OHDSI / ETL-Synthea

A package supporting the conversion from Synthea CSV to OMOP CDM
https://ohdsi.github.io/ETL-Synthea/
98 stars 71 forks source link

R script needs lubridate casting in synthea/native and allowing NULLs in concept table? #13

Closed turbomam closed 5 years ago

turbomam commented 5 years ago

Thanks for releasing this tool.

I'm finding that I have to make some modifications in order to get the R code (and embedded SQL) to run. Is this surprising?
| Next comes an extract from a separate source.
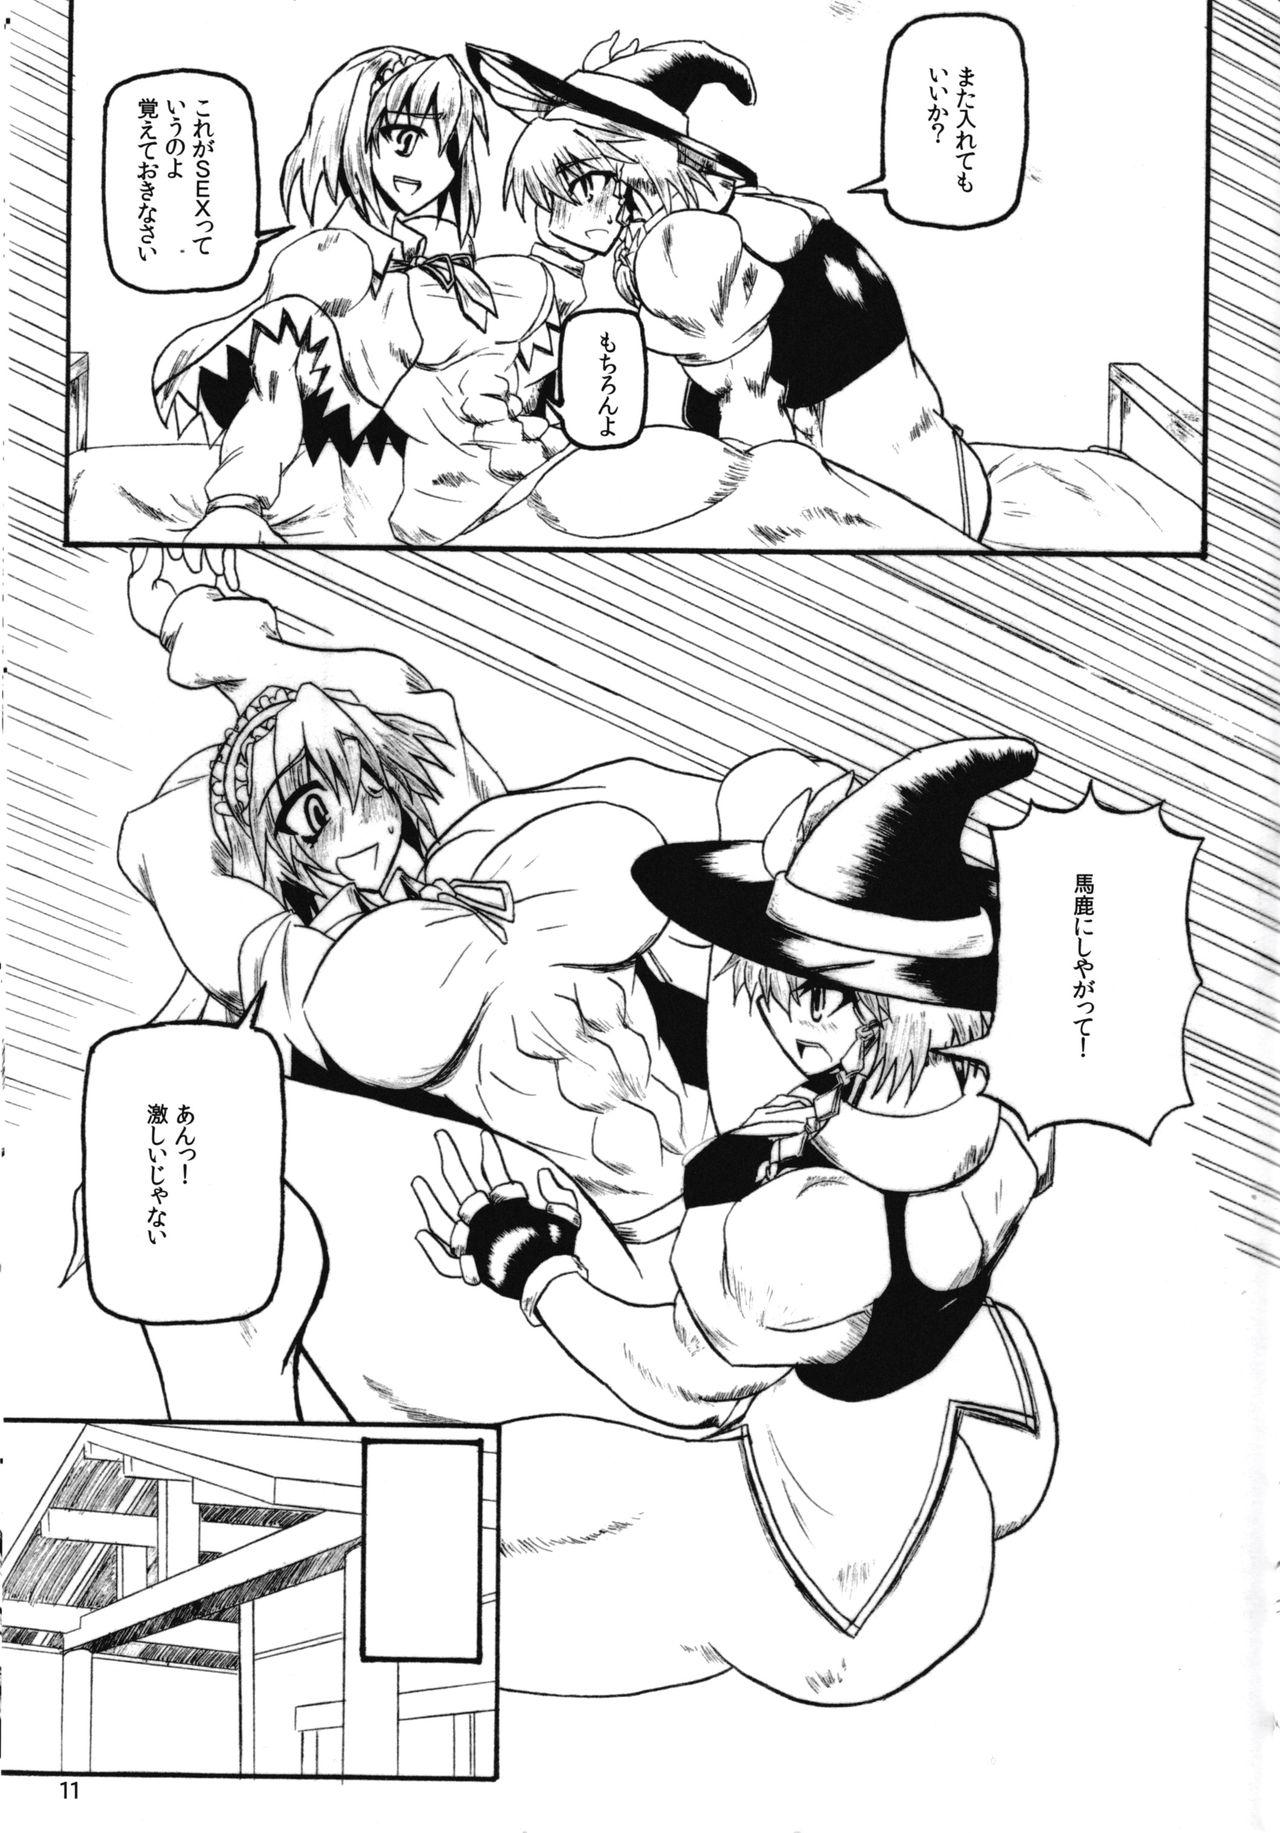 Ex Girlfriends Exceeds Power of Human2 - Touhou project Moms - Page 11

I'm using Windows 10, Postgres 11, and R 3.5.0

I created my synthea data set from GitBash like this:

./run_synthea -s 42 -p 1000 Massachusetts

So far I have modified LoadSyntheaTables to forcibly cast dates, and to cast UTILIZATION to numeric, not character. See below. The native synthea tables load now.

I also had to allow NULLs in concept.concept_name, concept.concept_code, concept_synonym.concept_synonym_name, and concept_relationship.valid_start_date. Now I can run all of the steps up to LoadEventTables, which give an error. I have substituted LoadCDMTables for that. See #14

Modified LoadSyntheaTables

  function (connectionDetails,
            syntheaDatabaseSchema,
            syntheaFileLoc) {
    csvList <-
      c(
        "allergies.csv",
        "conditions.csv",
        "imaging_studies.csv",
        "medications.csv",
        "organizations.csv",
        "procedures.csv",
        "careplans.csv",
        "encounters.csv",
        "immunizations.csv",
        "observations.csv",
        "patients.csv",
        "providers.csv"
      )
    conn <- DatabaseConnector::connect(connectionDetails)
    for (csv in csvList) {
      syntheaTable <- data.table::fread(
        file = paste0(syntheaFileLoc,
                      "/", csv),
        stringsAsFactors = FALSE,
        header = TRUE,
        sep = ","
      )
      writeLines(paste0("Loading: ", csv))
      if ("CODE" %in% colnames(syntheaTable))
        syntheaTable$CODE <- as.character(syntheaTable$CODE)
      if ("REASONCODE" %in% colnames(syntheaTable))
        syntheaTable$REASONCODE <-
        as.character(syntheaTable$REASONCODE)
      if ("PHONE" %in% colnames(syntheaTable))
        syntheaTable$PHONE <- as.character(syntheaTable$PHONE)

      # if ("UTILIZATION" %in% colnames(syntheaTable))
      #   syntheaTable$UTILIZATION <-
      #   as.character(syntheaTable$UTILIZATION)

      if ("UTILIZATION" %in% colnames(syntheaTable))
        syntheaTable$UTILIZATION <-
        as.numeric(as.character(syntheaTable$UTILIZATION))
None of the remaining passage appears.